Since the first news analytics technology was developed more than 15 years ago, the process of sentiment classification has continued to evolve. From rules-based approaches using dictionaries of polarised words to sophisticated deep learning-based approaches using “bag-of-words” or word embeddings text vectorization methods. This has allowed sentiment to be captured with higher accuracy and granularity but excitingly, it has also given rise to new analytical opportunities.
Understanding the complex web of multi-hop relationships
Having evolved from simply analysing news for sentiment, NLP is now widely used to better identify and understand the complex and often obscured relationships between entities, people, geographies and wider themes, concepts or topics.
This has come to be known as a ‘knowledge graph’, made famous by Facebook, where disparate data points are connected to create a map of relationships and other metrics that affect that relationship, including sentiment data.
As a trader, if we understand the relationship between assets we can then predict the effect of one asset on another. This could be summarised as ‘semantic news arbitrage’. FX traders following EURUSD, will already be familiar in the knowledge that news about the EUR will impact the USD and vice versa; therefore following news on both currencies is a worthy investment of their time. However, understanding the wider influences that are affecting the pair and then what other news is important to follow becomes a far greater challenge for traders.
Equity traders, whose assets are knowingly affected by the events of their supply chain network, complex corporate structures and global market exposure, are likely to be more familiar with this dilemma than currency traders. A news story breaking in China about a fire in a battery factory for mobile phones may not seem important at first glance, but as a supplier to Apple it would be a hugely significant story.
This automatic identification of associated assets and the tracing of multi-hop relationships is an exciting development in news analytics, an approach that requires multiple semantic web technologies including Named Entity Recognition (NER) and NLP to be adopted across a wide range of financial disciplines. For traders, the ability to identify these connections can expose opportunities as well as help manage risks.
Solutions like graph databases (a database designed to treat the relationships between data as equally important as the data itself) and query languages, offering an almost constant-time operation complexity that efficiently analyses millions of connections per second, have allowed for the democratization and more widespread adoption of these technologies.
News analytics technology has undergone significant improvements in recent years as it evolves to keep up with investor demands for new alternative data sets.
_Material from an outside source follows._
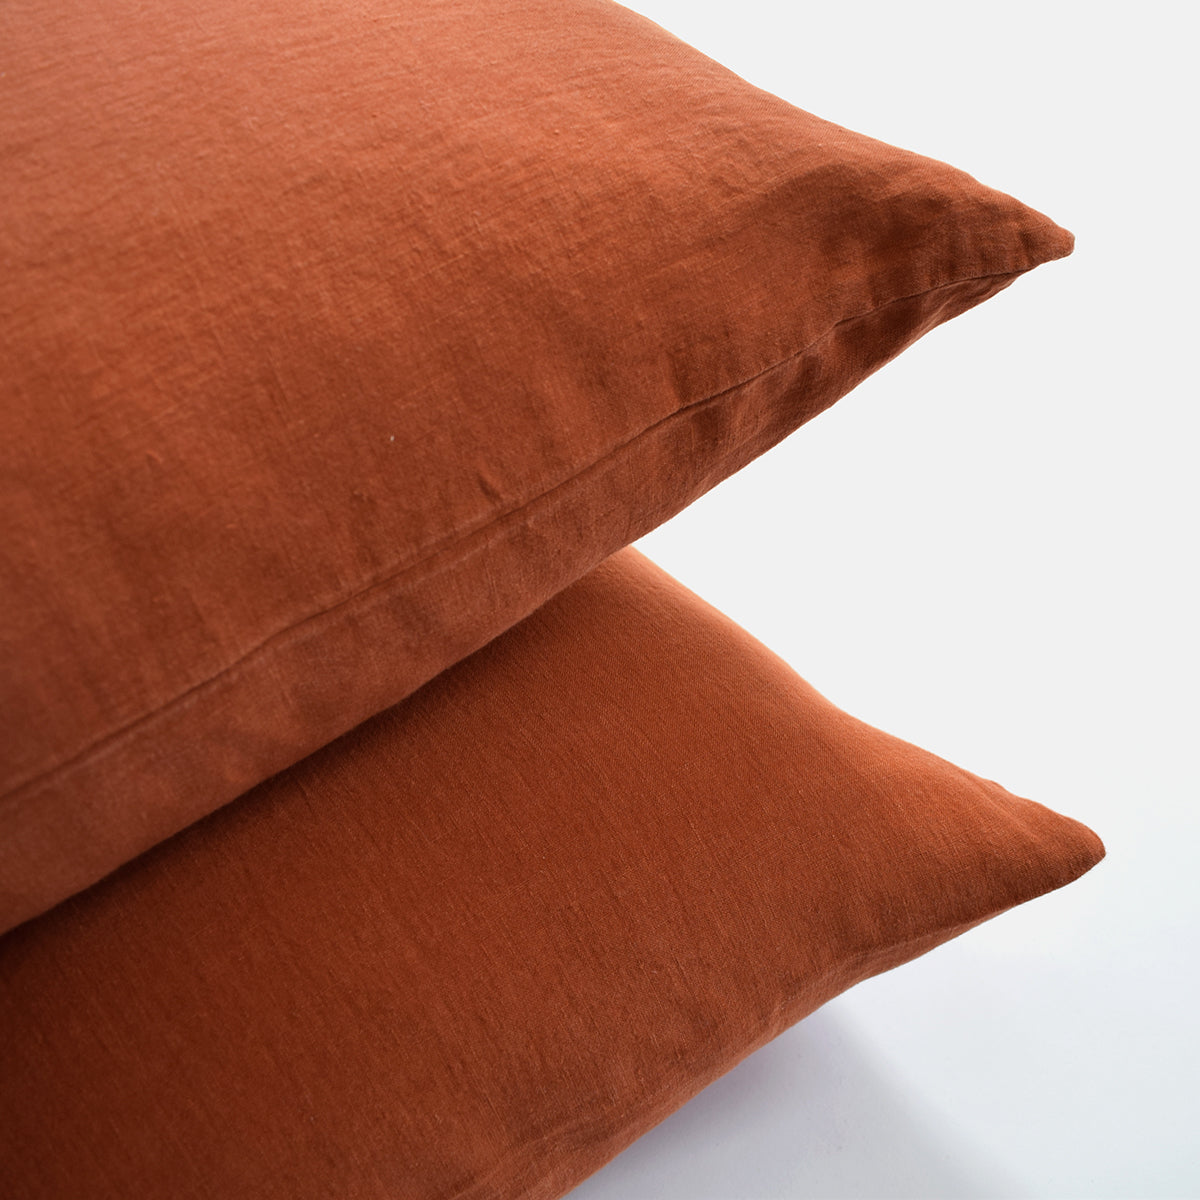 Linge Particulier Sienna Orange Standard Linen Pillowcase Sham for a colorful linen bedding look in burnt orange - Collyer's Mansion

Graph analytics in particular continue to be a trending discipline in data science, and Gartner predicts that graph processing and graph database management systems application will continue growing at 100% annually through 2022, allowing for more efficient modelling, exploration and querying of interlinked data.
As with sentiment data analysis, we are likely to see further evolution in both the technology and its applications in trading. And just like library signage was an early form of meta tagging, each evolution will be the foundation of something new, offering traders more and more value from one of the oldest tools in the industry: good, high-quality journalism.